Information provided:
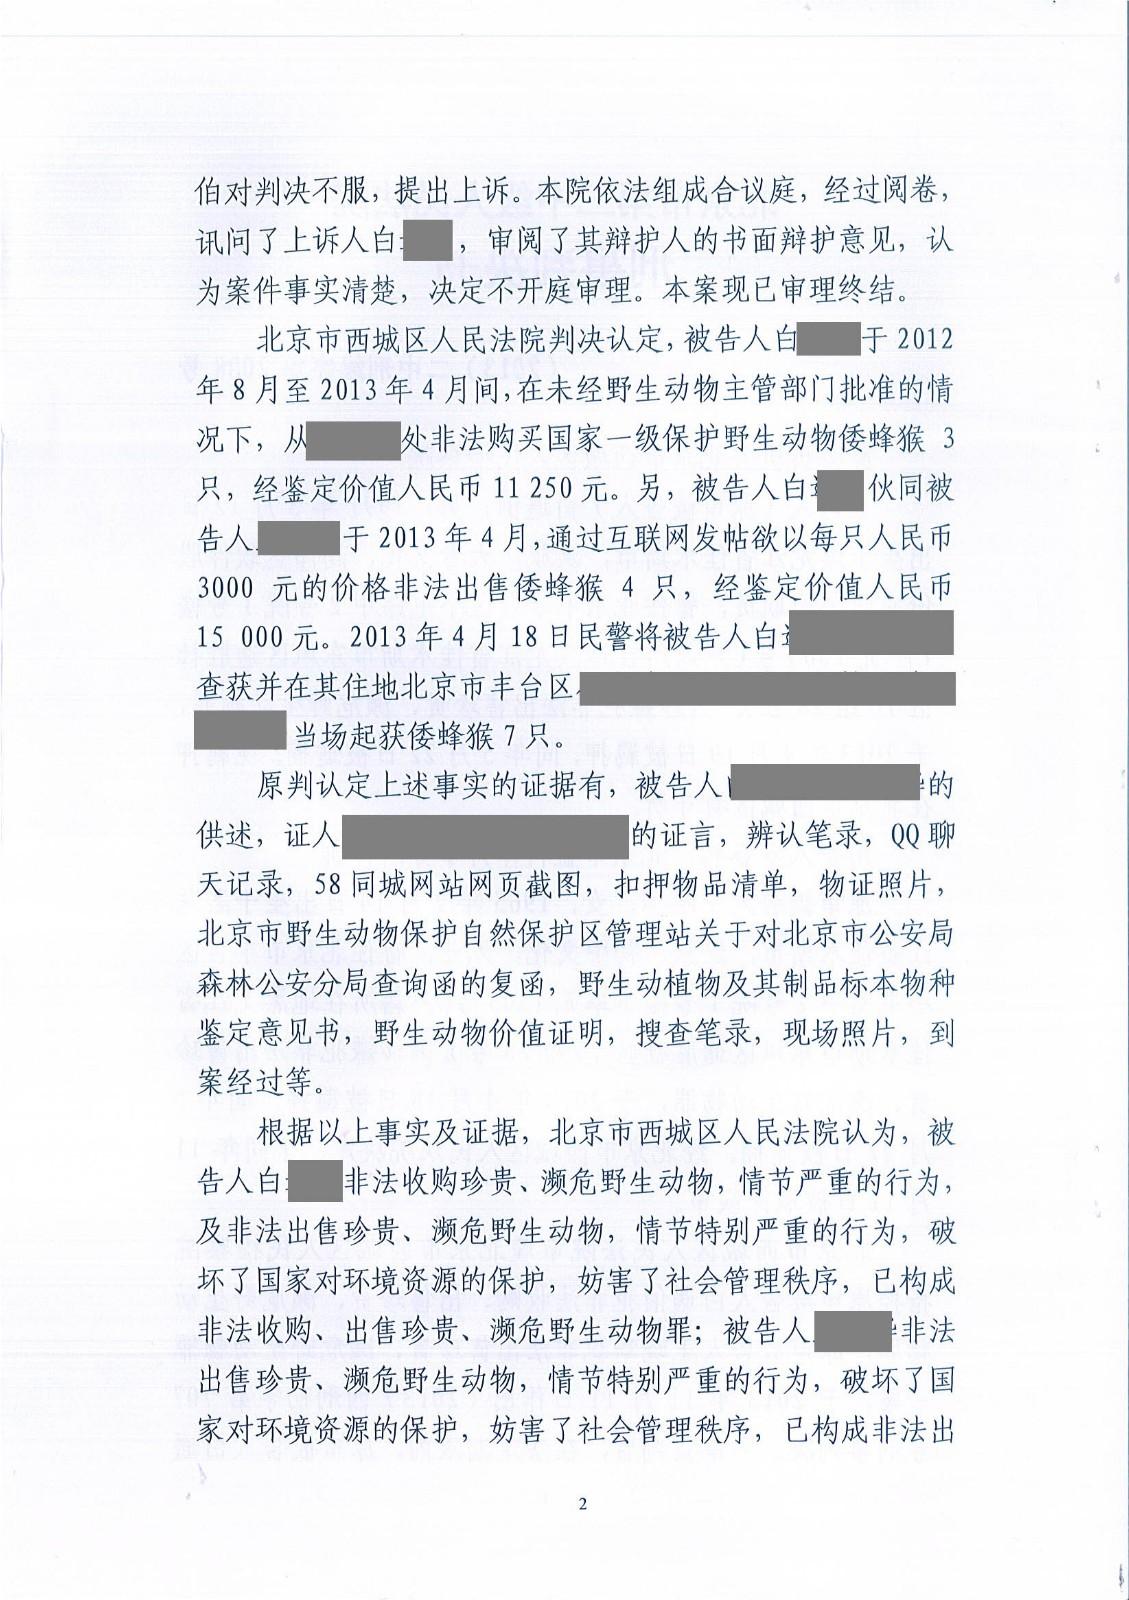 白遇伯刑事判决书(2013)二中刑终字第2088号-222.jpg
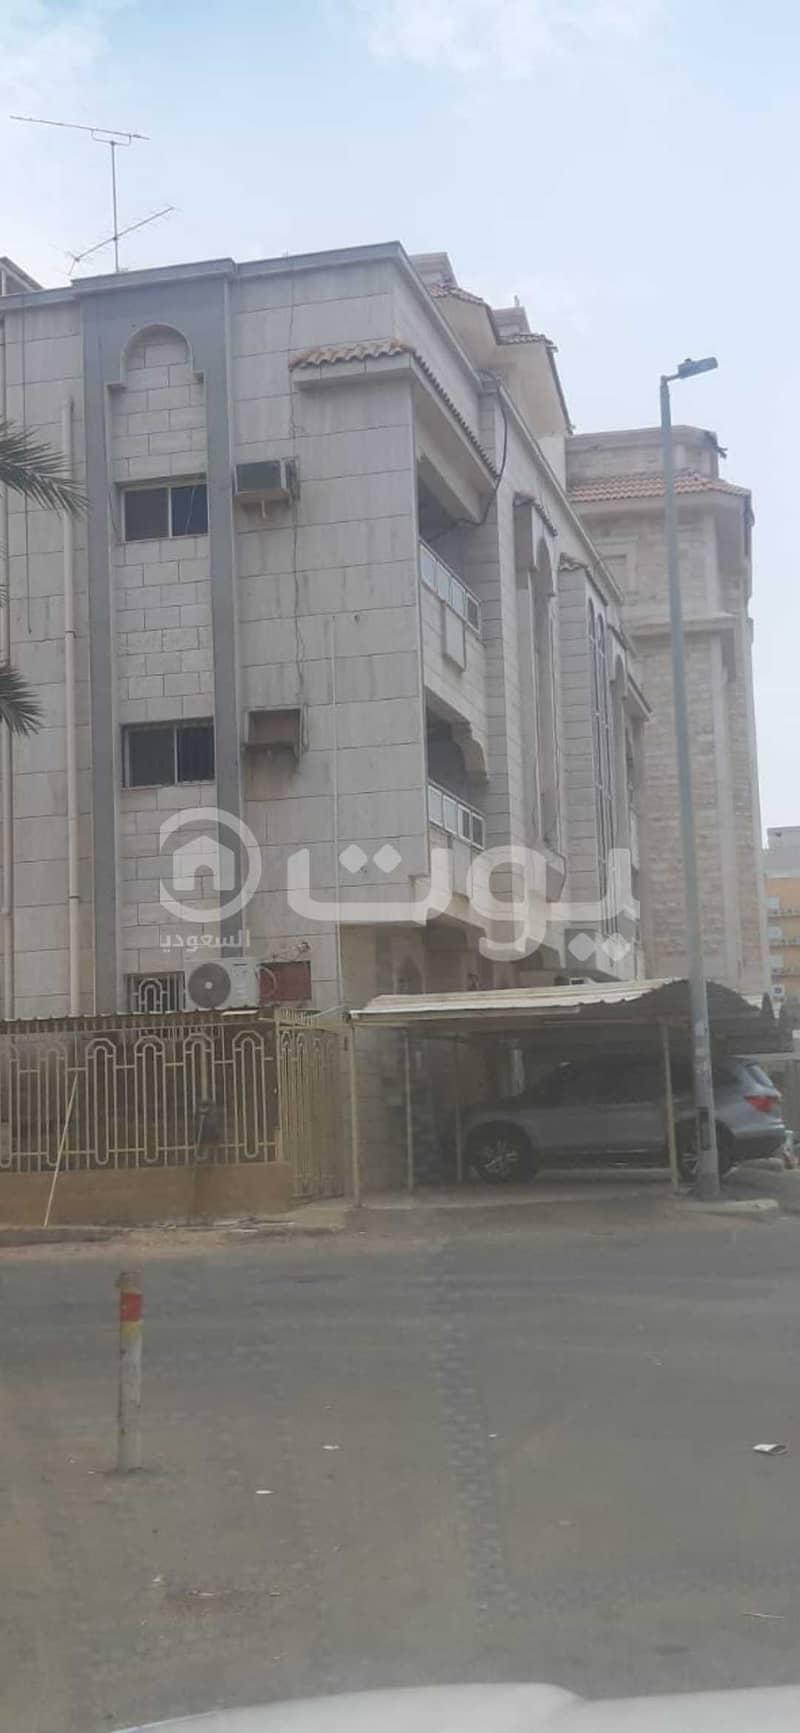 عمارة سكنية   مع مصعد للبيع في حي الصفا، شمال جدة
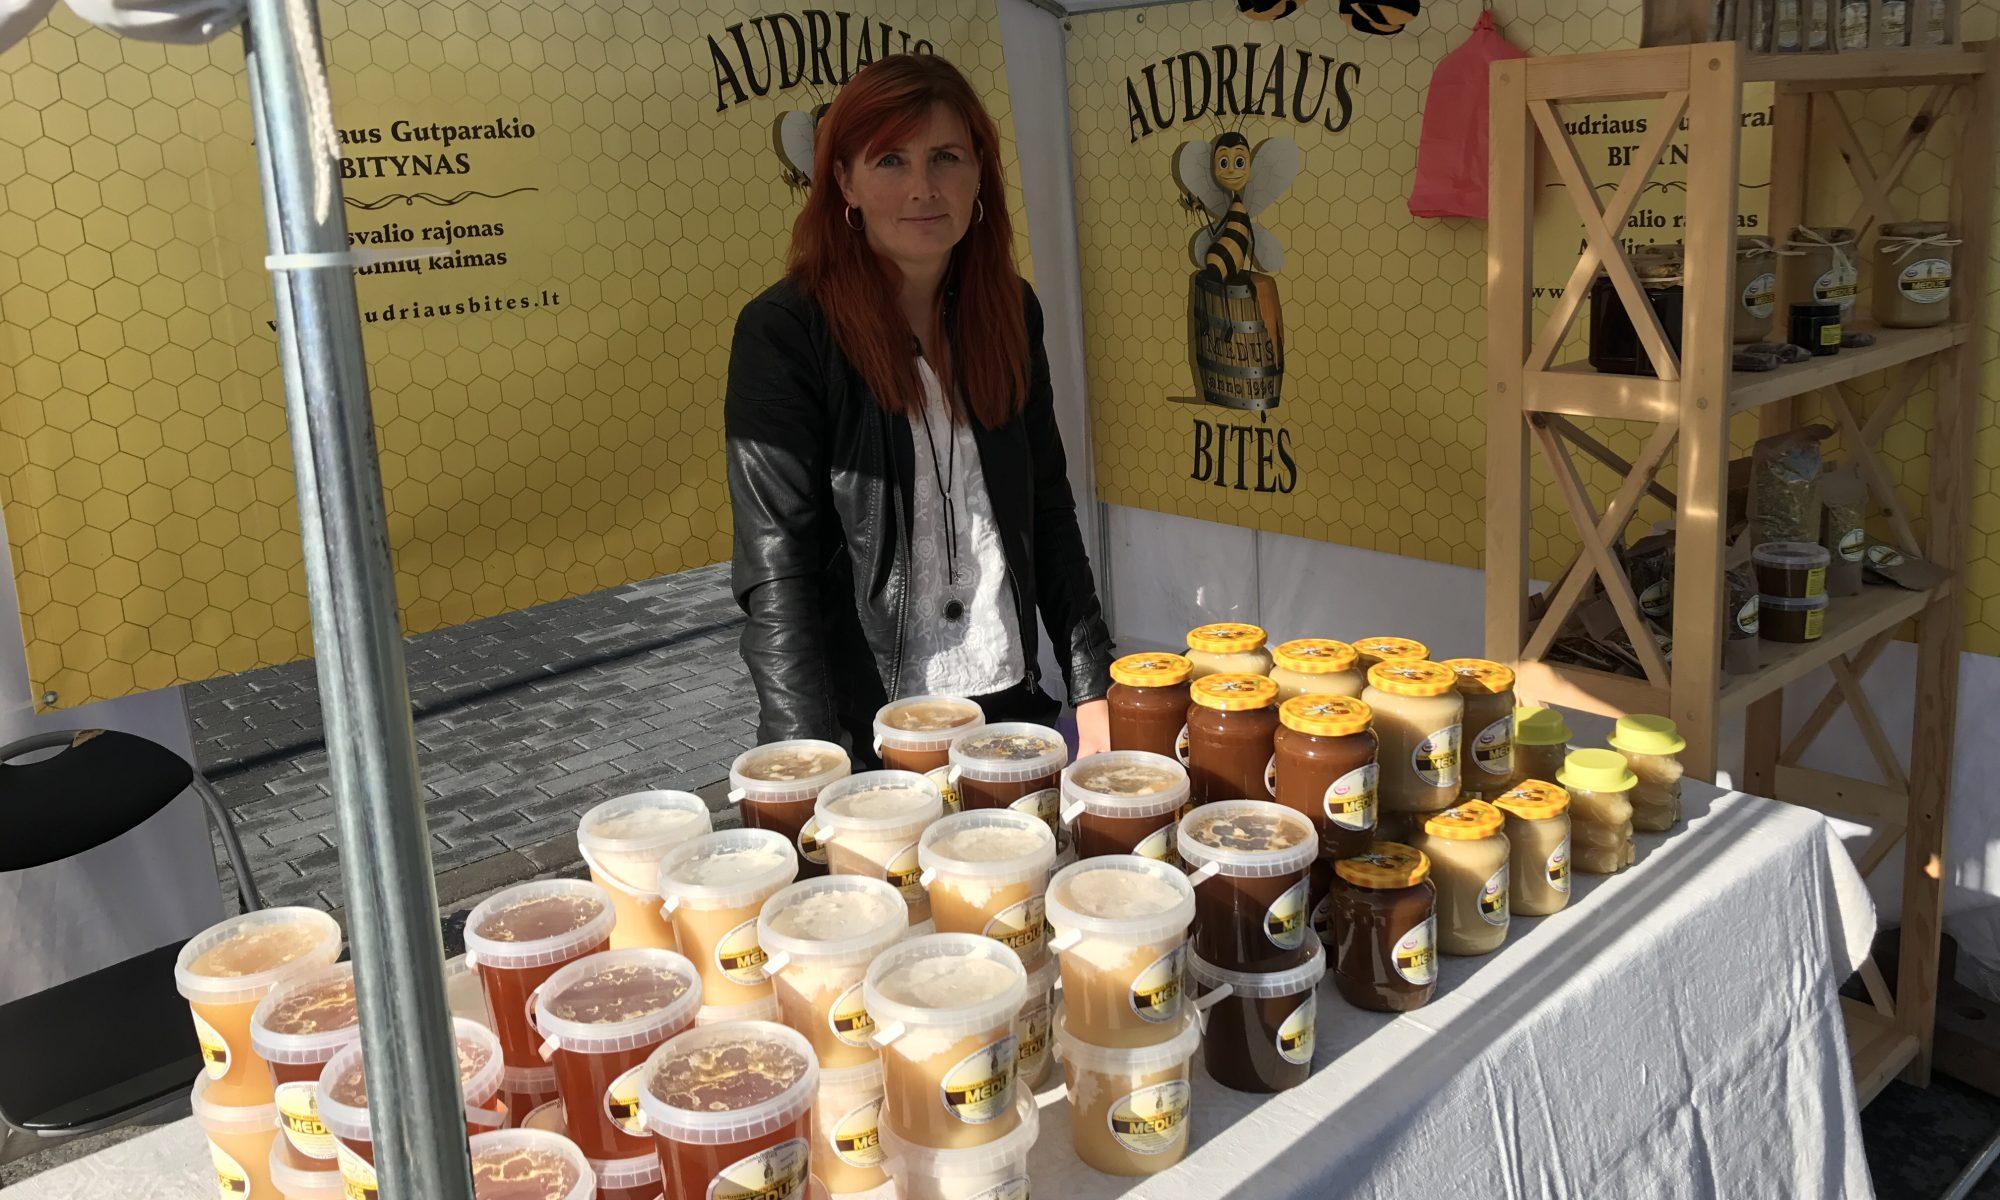 Audriaus Bitės - Bičių produktai

Task requirements:
Pictures aside, give the data again exactly as it appears.

Expected answer:
 白遇伯刑事判决书(2013)二中刑终字第2088号-222.jpg
 عمارة سكنية   مع مصعد للبيع في حي الصفا، شمال جدة
 Audriaus Bitės - Bičių produktai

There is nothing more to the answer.